WHAT THE EXERCISE ASKS → Transcribe the listing in full, word for word; pictures do not belong in the copy.

DATASET CONTENT Start Marker

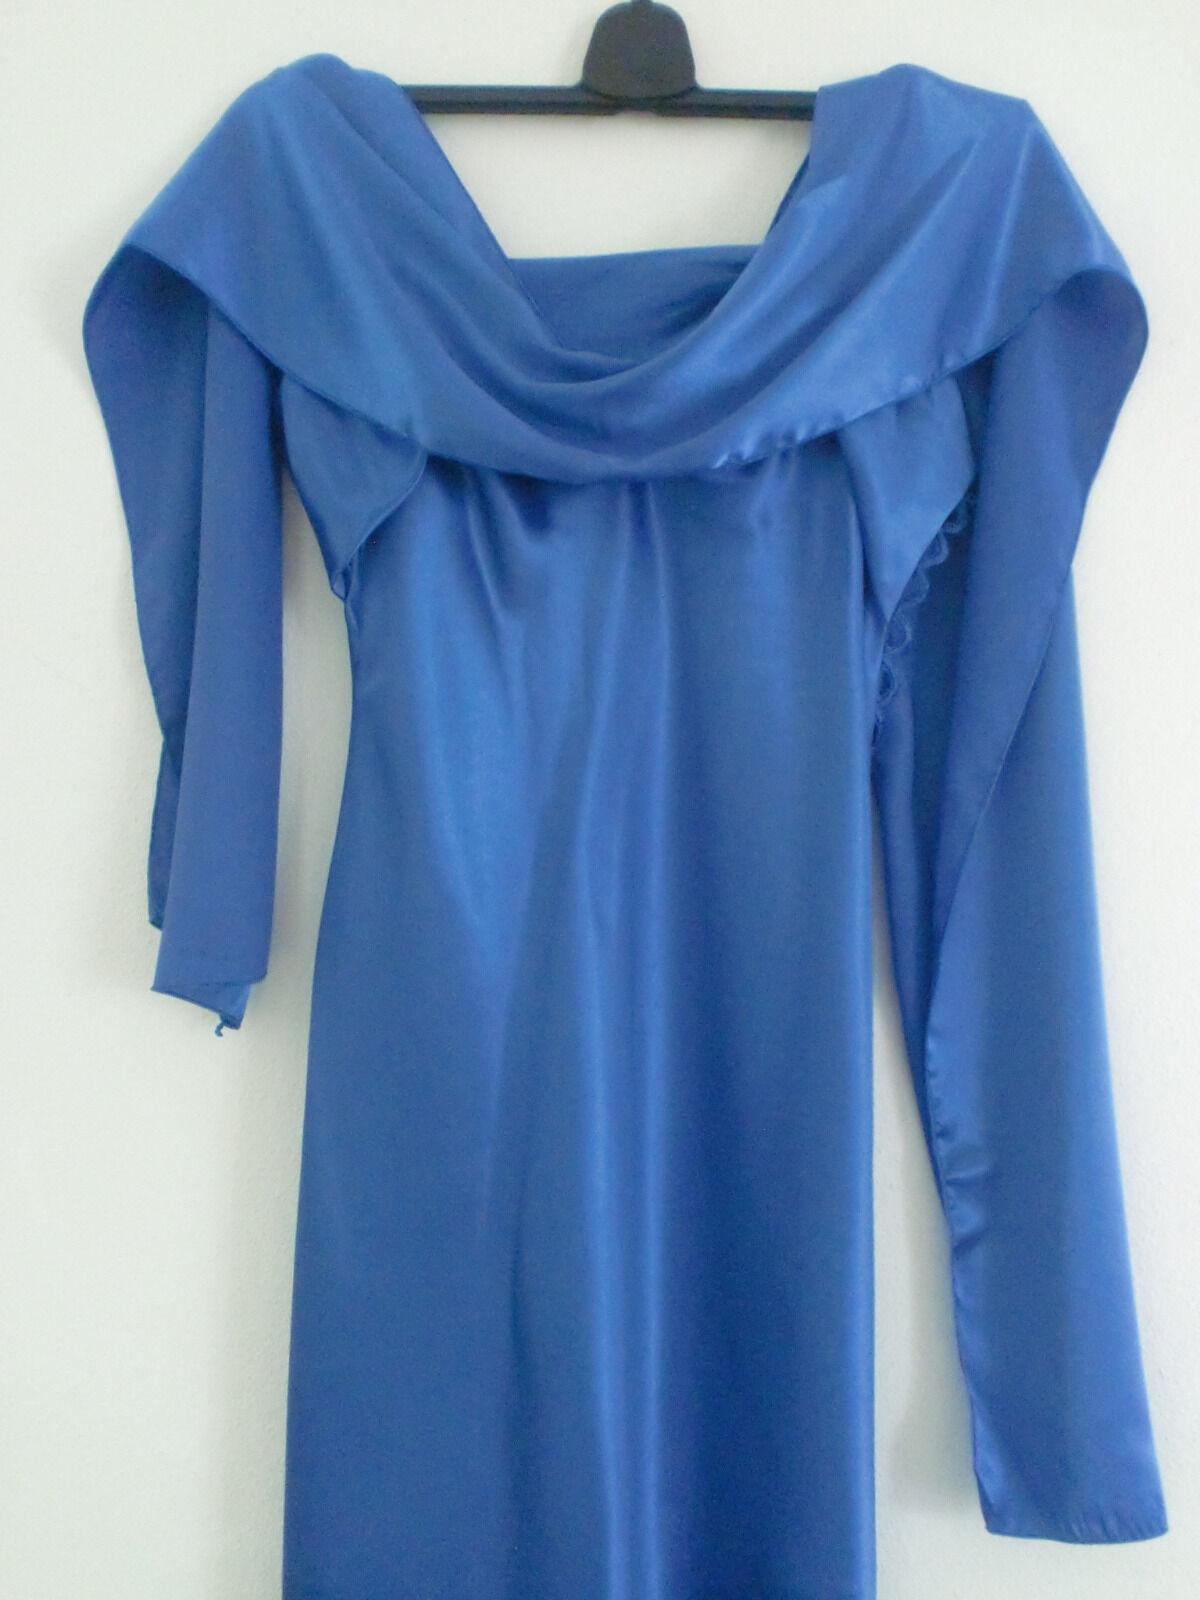 Damen Abendkleid in blau Gr.M
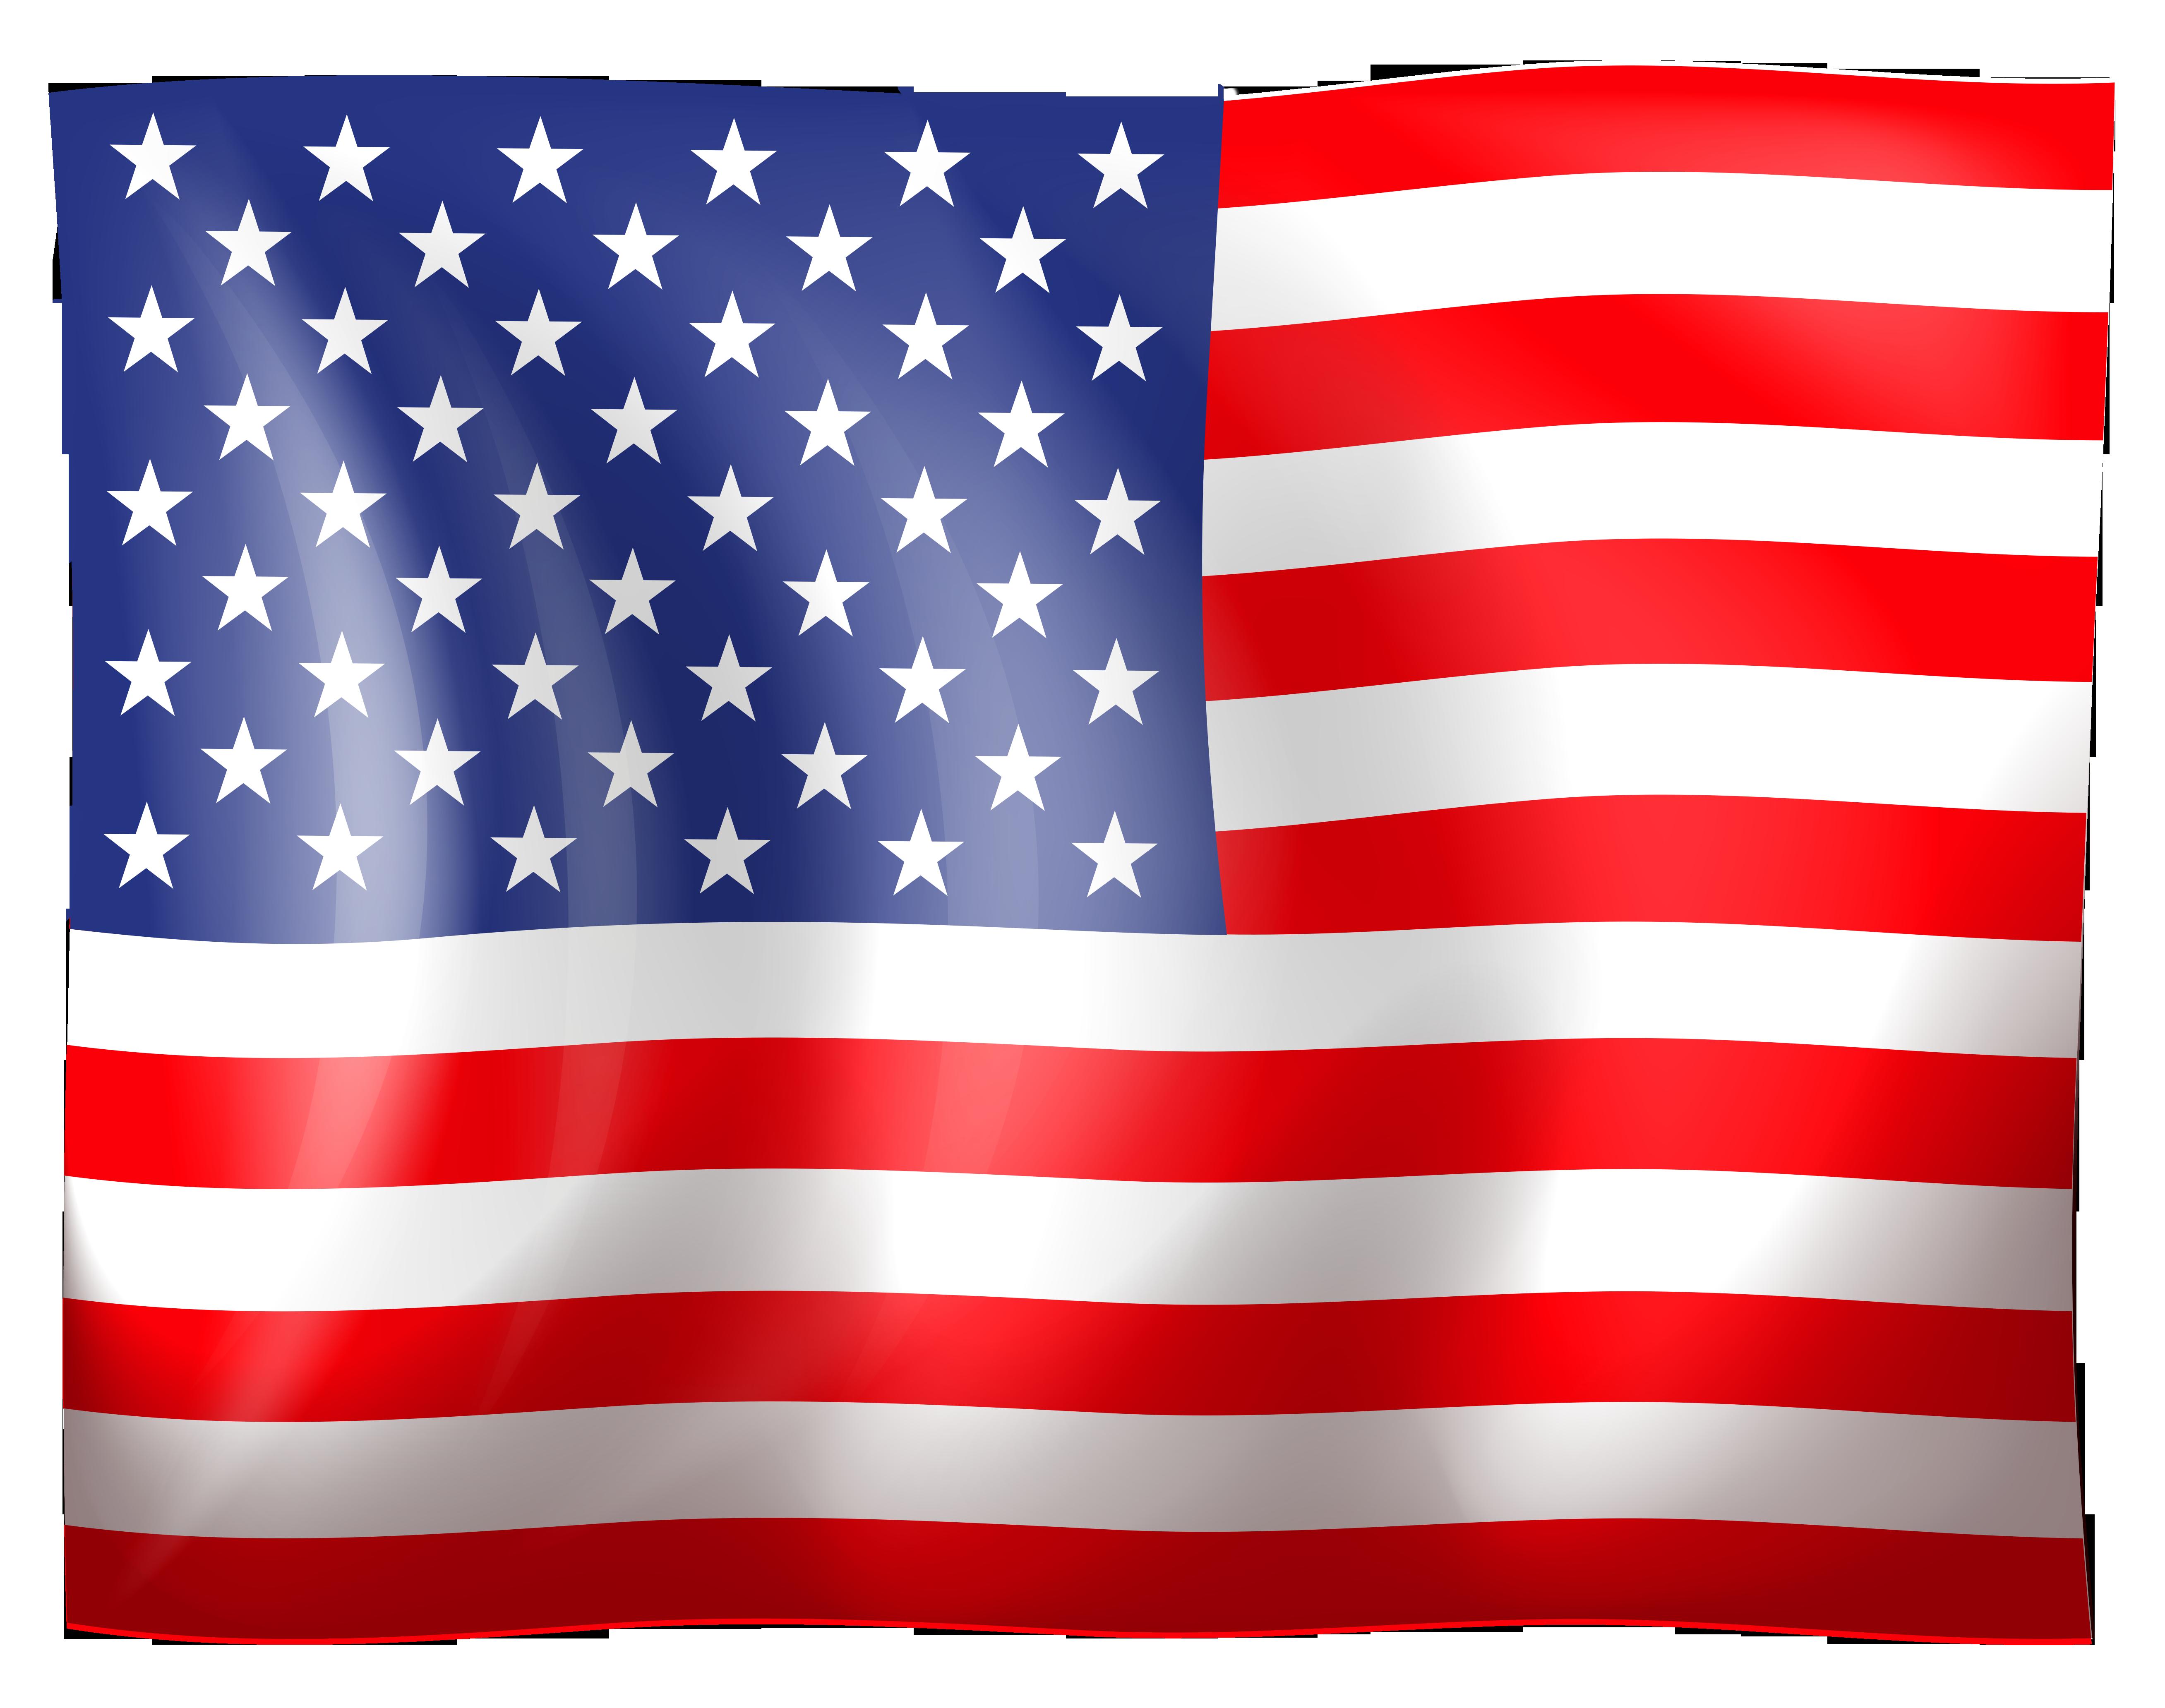 Usa Flag Clipart 0 Clipartcow 2-Usa flag clipart 0 clipartcow 2-16
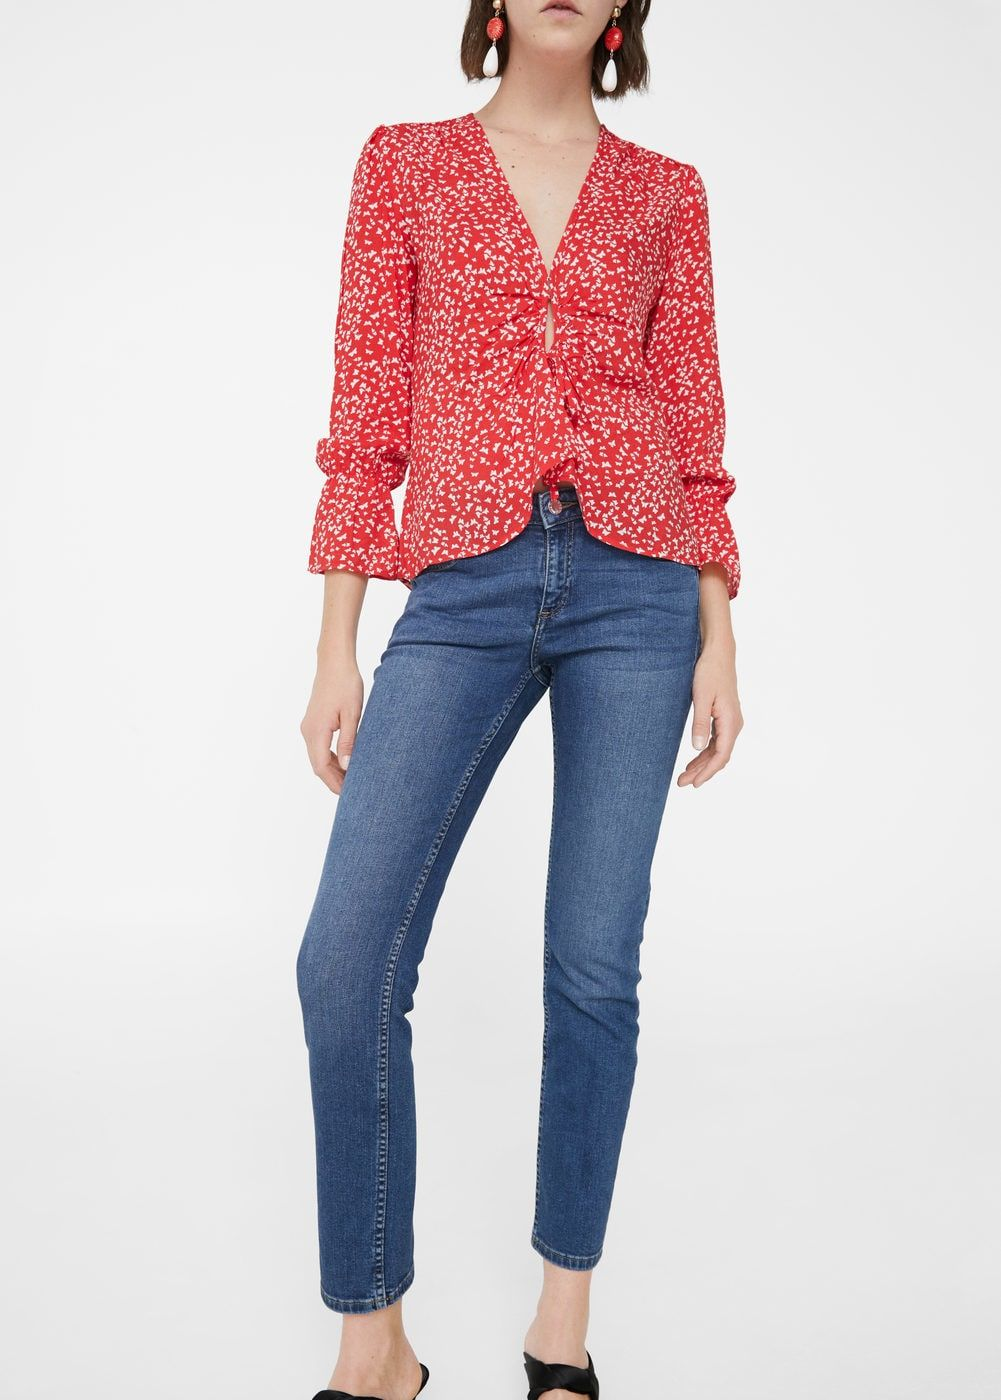 7a3e6fae1d Jeans straight alice - Jeans de Mujer

DATASET CONTENT End Marker

TASK OUTPUT →
 Damen Abendkleid in blau Gr.M
 Usa Flag Clipart 0 Clipartcow 2-Usa flag clipart 0 clipartcow 2-16
 7a3e6fae1d Jeans straight alice - Jeans de Mujer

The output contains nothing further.